I spearheaded this initiative about 11 years ago, when I joined the family office. Chicago is a major hub for food, so it was an easy place to launch and get involved. We have had some success along the way: We invested in a company called Factor, which is a prepared meal subscription service that ended up scaling and selling to Hello Fresh at the end of 2020.
So, with continued success, we ended up deciding that this was becoming more than just a family office investment strategy. I had a team doing this, and we decided it should be spun out of the family office and stand on its own. It’s called Bluestein Ventures. The family is still very much involved — we have an ownership stake in the firm and are the anchor investors. I serve as one of the managing partners, but we also have nonfamily members. We have a team of five that works on the fund and have raised a $45 million fund that closed in 2023. So, now it lives beyond the family office, but the family is very much still involved and invested in it.
How are you using technology and AI in your family office or investment operations?
We have tended to look to our outsourced partners to leverage their technology tools. So, we use what Pitcairn uses around financial reporting and what RSM uses around tax. Internally, we have traditionally just used commercially available services, like Dropbox for document storage. I think we have been kind of slow to really invest in our technology infrastructure.
However, with AI, we see a new opportunity: Could it help us really streamline and improve our operations? One of the things we have struggled with is the operational complexity: As you have more people involved and have all these resources, how do we generate the right information and make sure everyone has that information?
There may be value in investing more and seeing if we can really build a better kind of operating system for the family that would help coordinate resources and share information and also improve efficiency, so it reduces the burden of managing these operations. We’re still so early in the journey of figuring that out, because these AI tools are still very new. There is also this question around privacy that is a key challenge when it comes to the level of comfort in leveraging these tools if you’re providing sensitive family information.

With Bluestein Ventures, we are aggressively, from an investment perspective, trying to figure out how we can leverage these AI tools — both to think about how to make better investments, but also to manage the processes there: doing due diligence on investments, writing up investment decisions and so on. Bluestein Ventures is kind of our skunkworks right now to figure out how to use the AI tools that are changing how work is going to be done.
Then maybe there will be tools to make it easier for the family to engage with the family office. I think that’s the promise of AI: that it gives everyone more tools. So, it’s possible that the general tools will become more applicable to the family office world.
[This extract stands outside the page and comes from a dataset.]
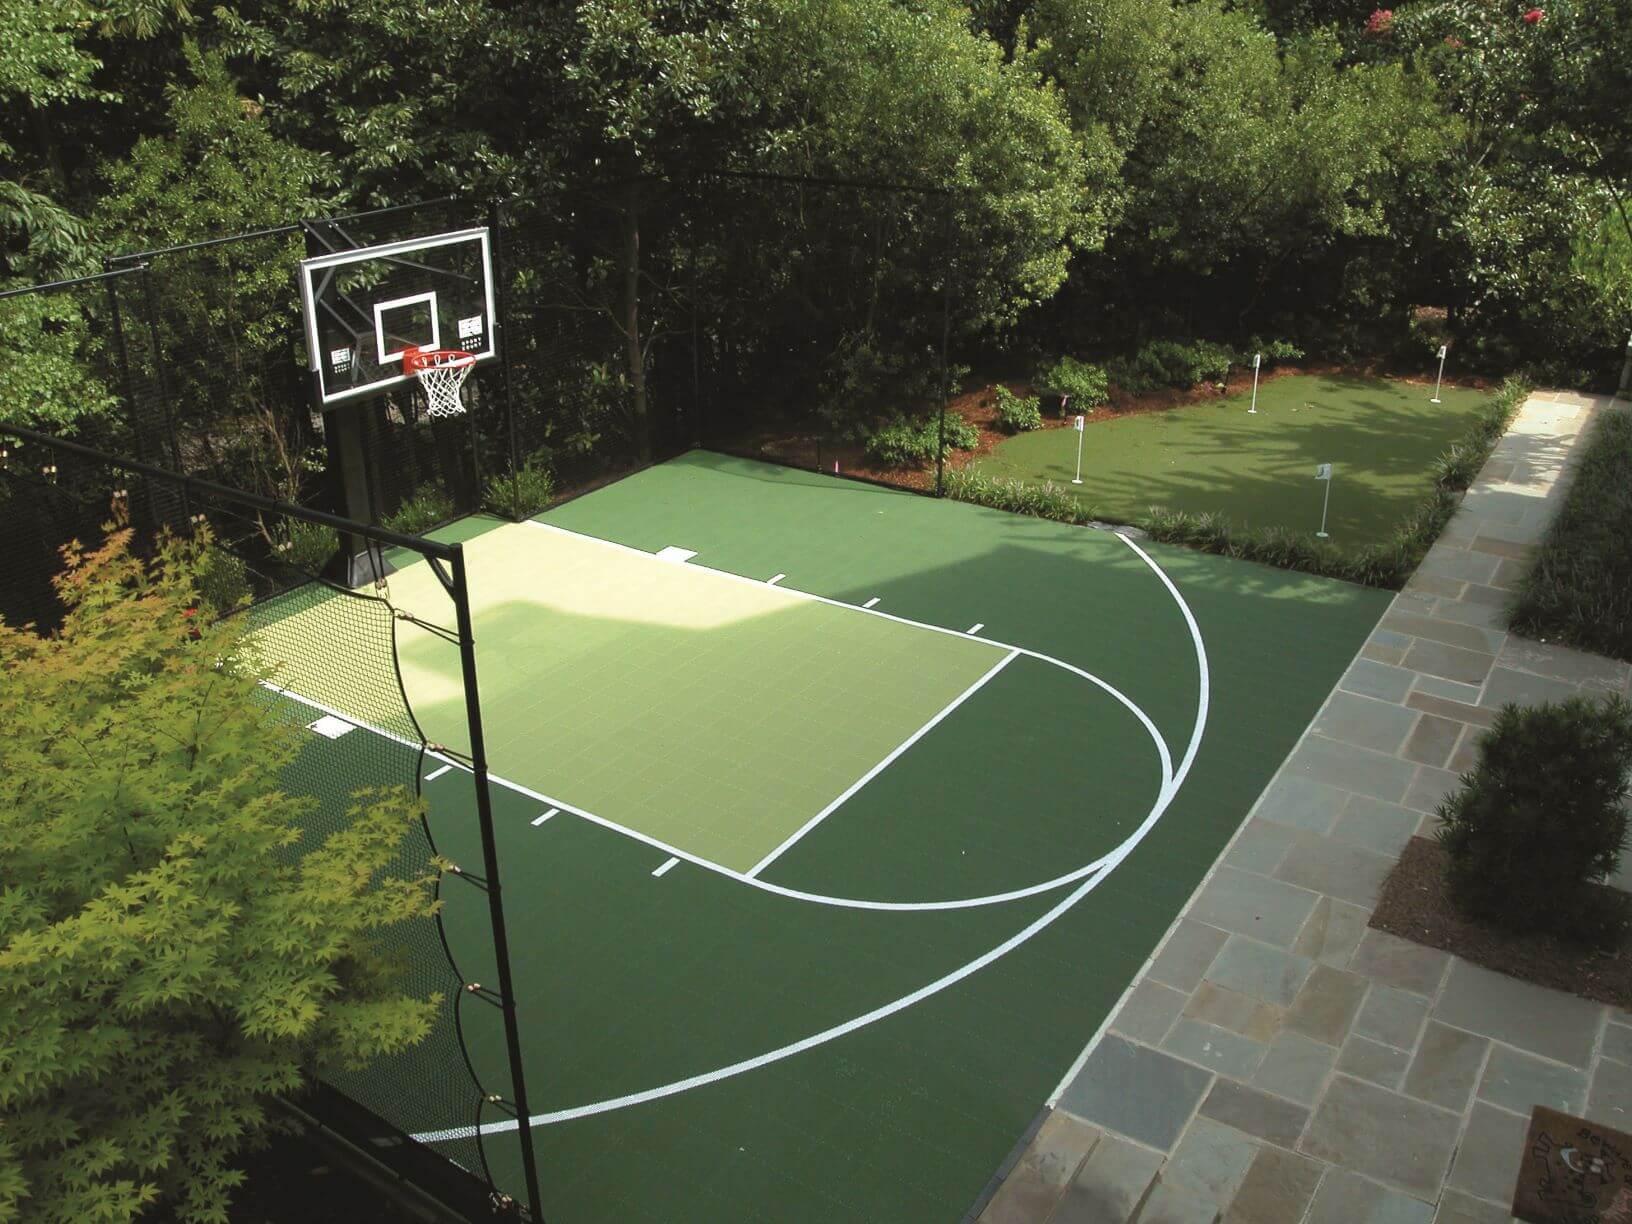 Backyard Sport Court Basketball Court Green and Kiwi

What are your long-term goals for the family office?
That’s another good question. We haven’t fully defined that, and it’s something we talk about. But I think the long-term objective is obviously to manage the family’s wealth and help support family members to make sure that they live fulfilling lives — and at the same time, it’s an opportunity to work together as a family, to invest, to support key initiatives in areas where we want to spend time and have impact.

That’s how I think of Bluestein Ventures, as well: We believe we’re playing a role in helping improve the food system, and it’s an area that the family has an interest in.
There may be other areas that evolve over time, as we have discussions around philanthropy and investments. I think that purpose is evolving. The family office is there to serve as that foundation so that the family can do purposeful activities leveraging their resources.